##### Information supplied #####
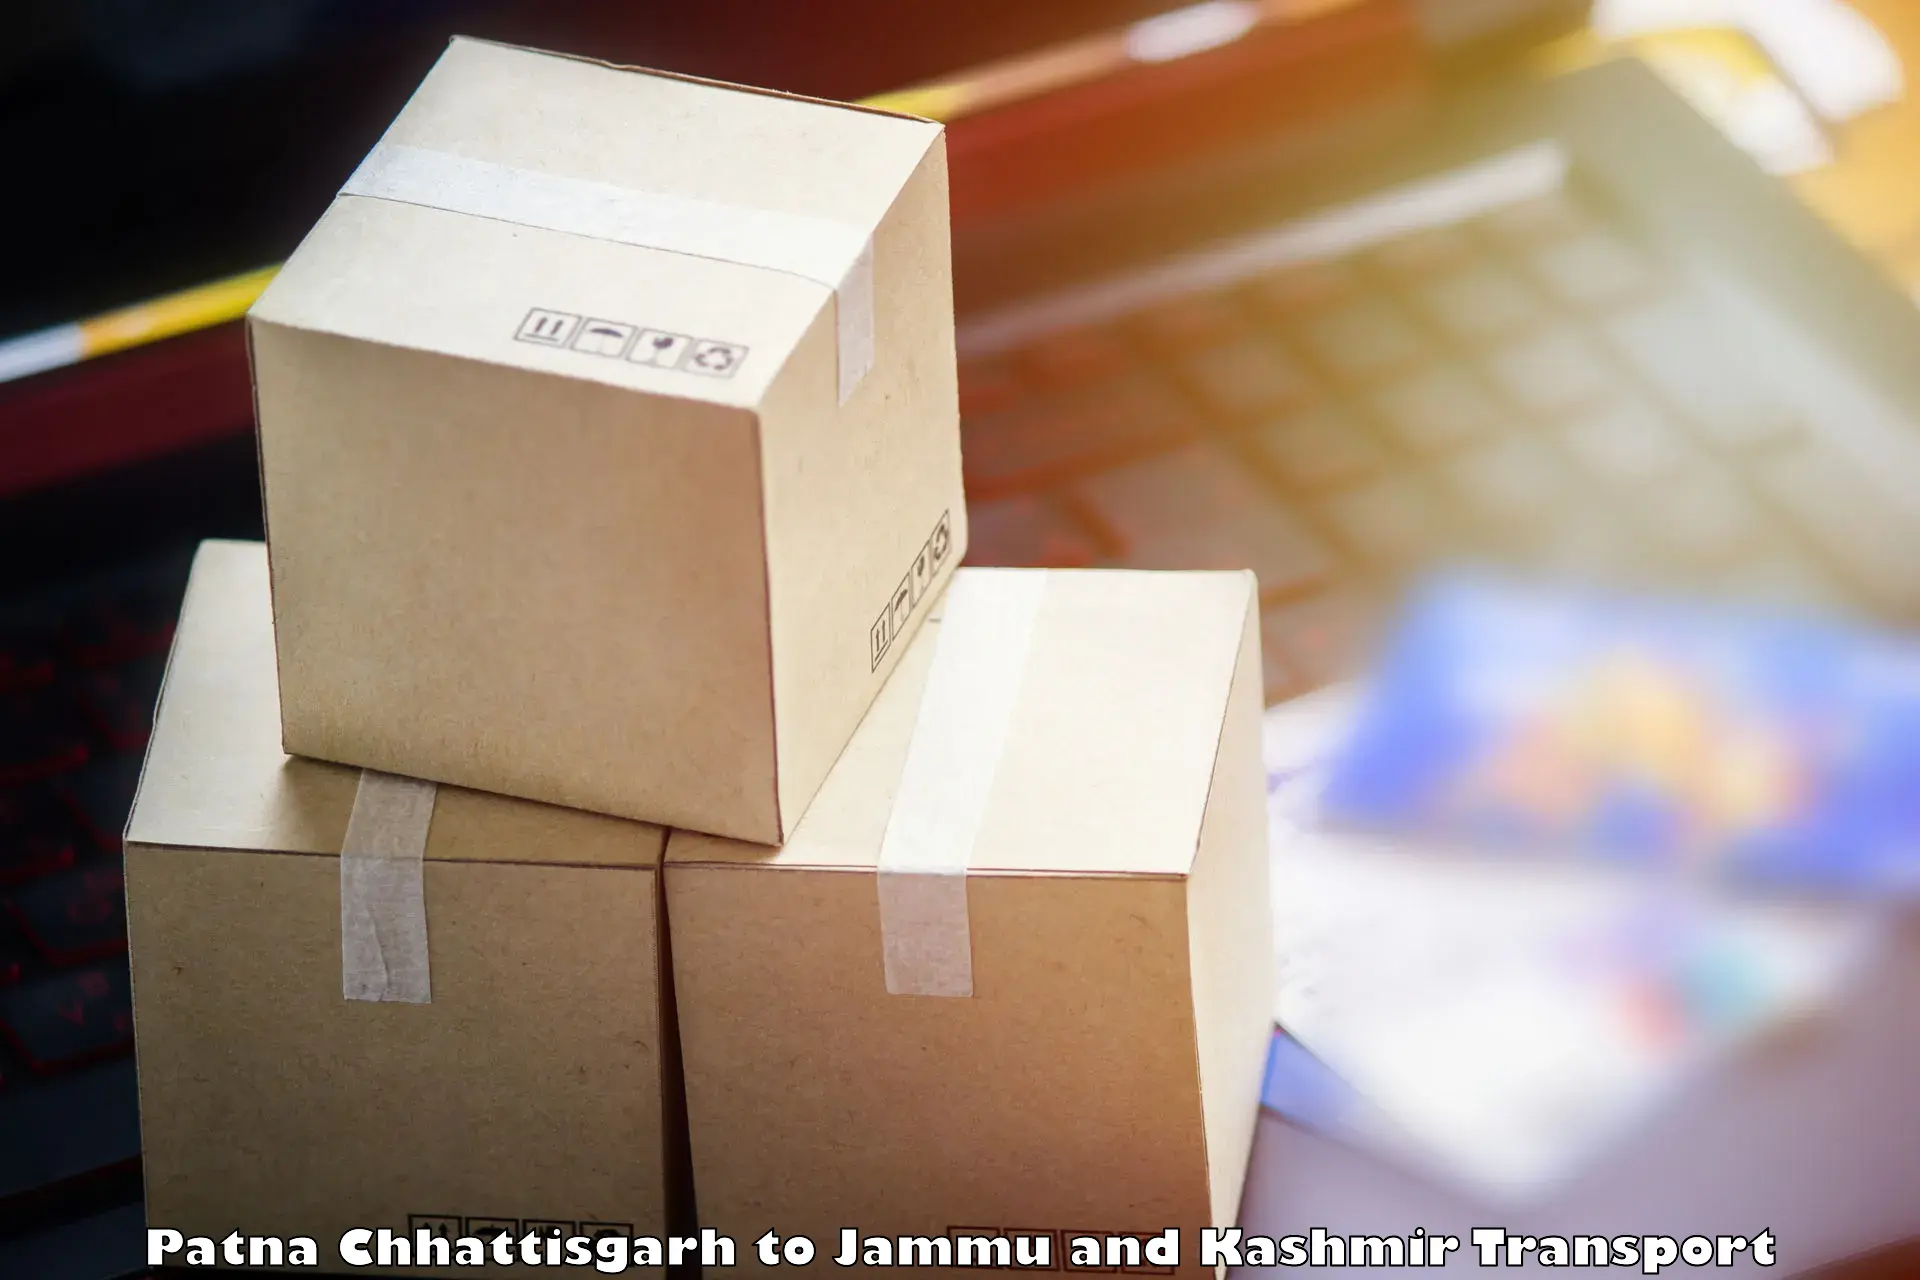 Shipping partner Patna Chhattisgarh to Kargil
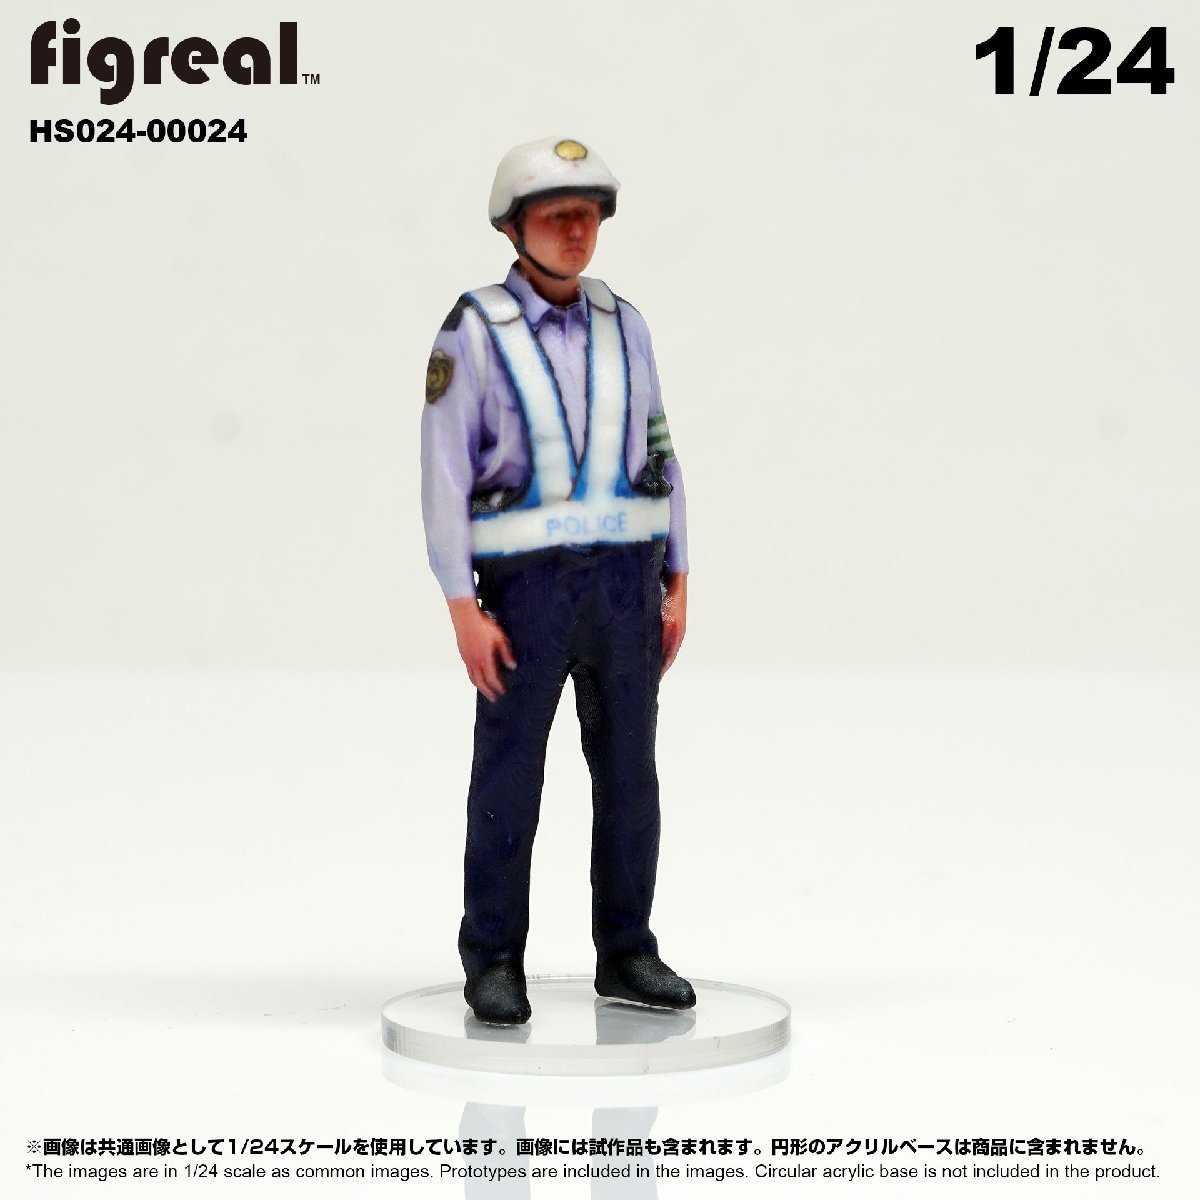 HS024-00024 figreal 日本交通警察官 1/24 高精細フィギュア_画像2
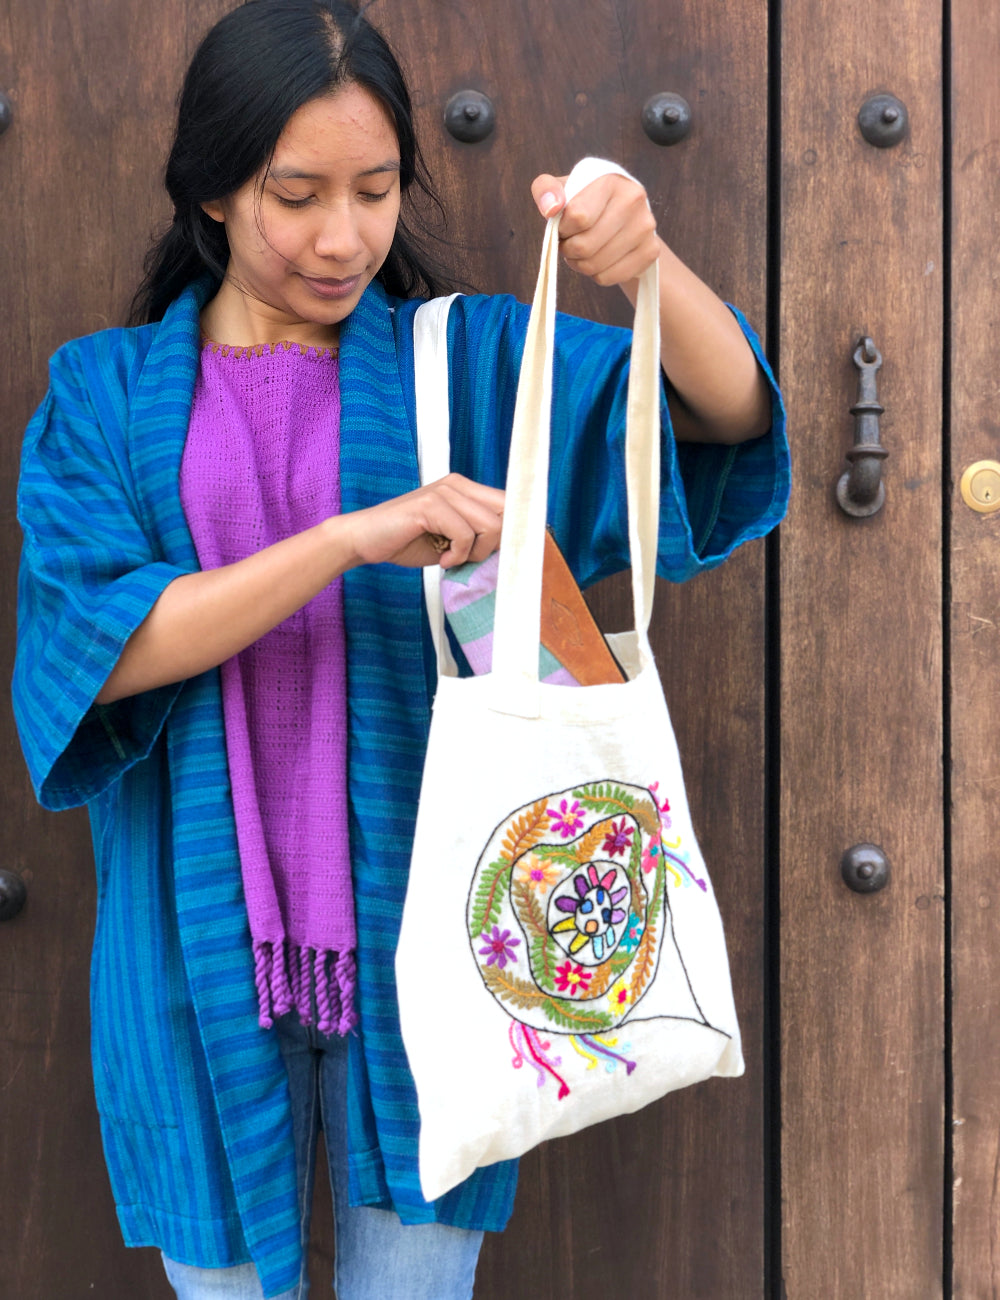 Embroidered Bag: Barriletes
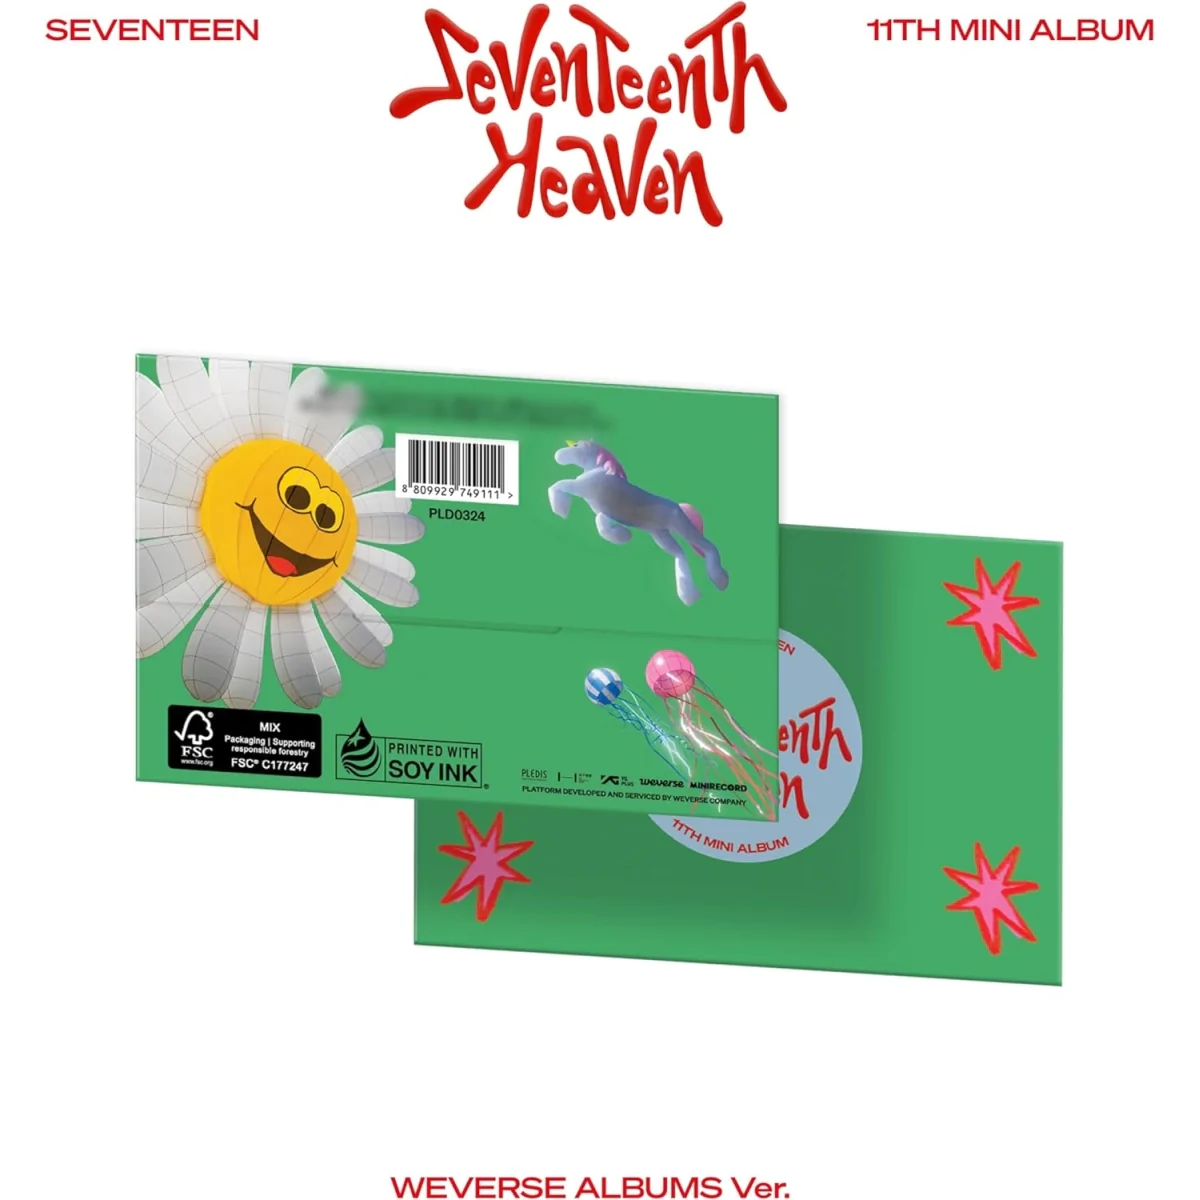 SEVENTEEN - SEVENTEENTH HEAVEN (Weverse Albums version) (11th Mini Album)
#####
- _Task prompt_
Copy out every line of the data exactly, leaving the images behind.

- _Task response_
 Shipping partner Patna Chhattisgarh to Kargil
 HS024-00024 figreal 日本交通警察官 1/24 高精細フィギュア_画像2
 Embroidered Bag: Barriletes
 SEVENTEEN - SEVENTEENTH HEAVEN (Weverse Albums version) (11th Mini Album)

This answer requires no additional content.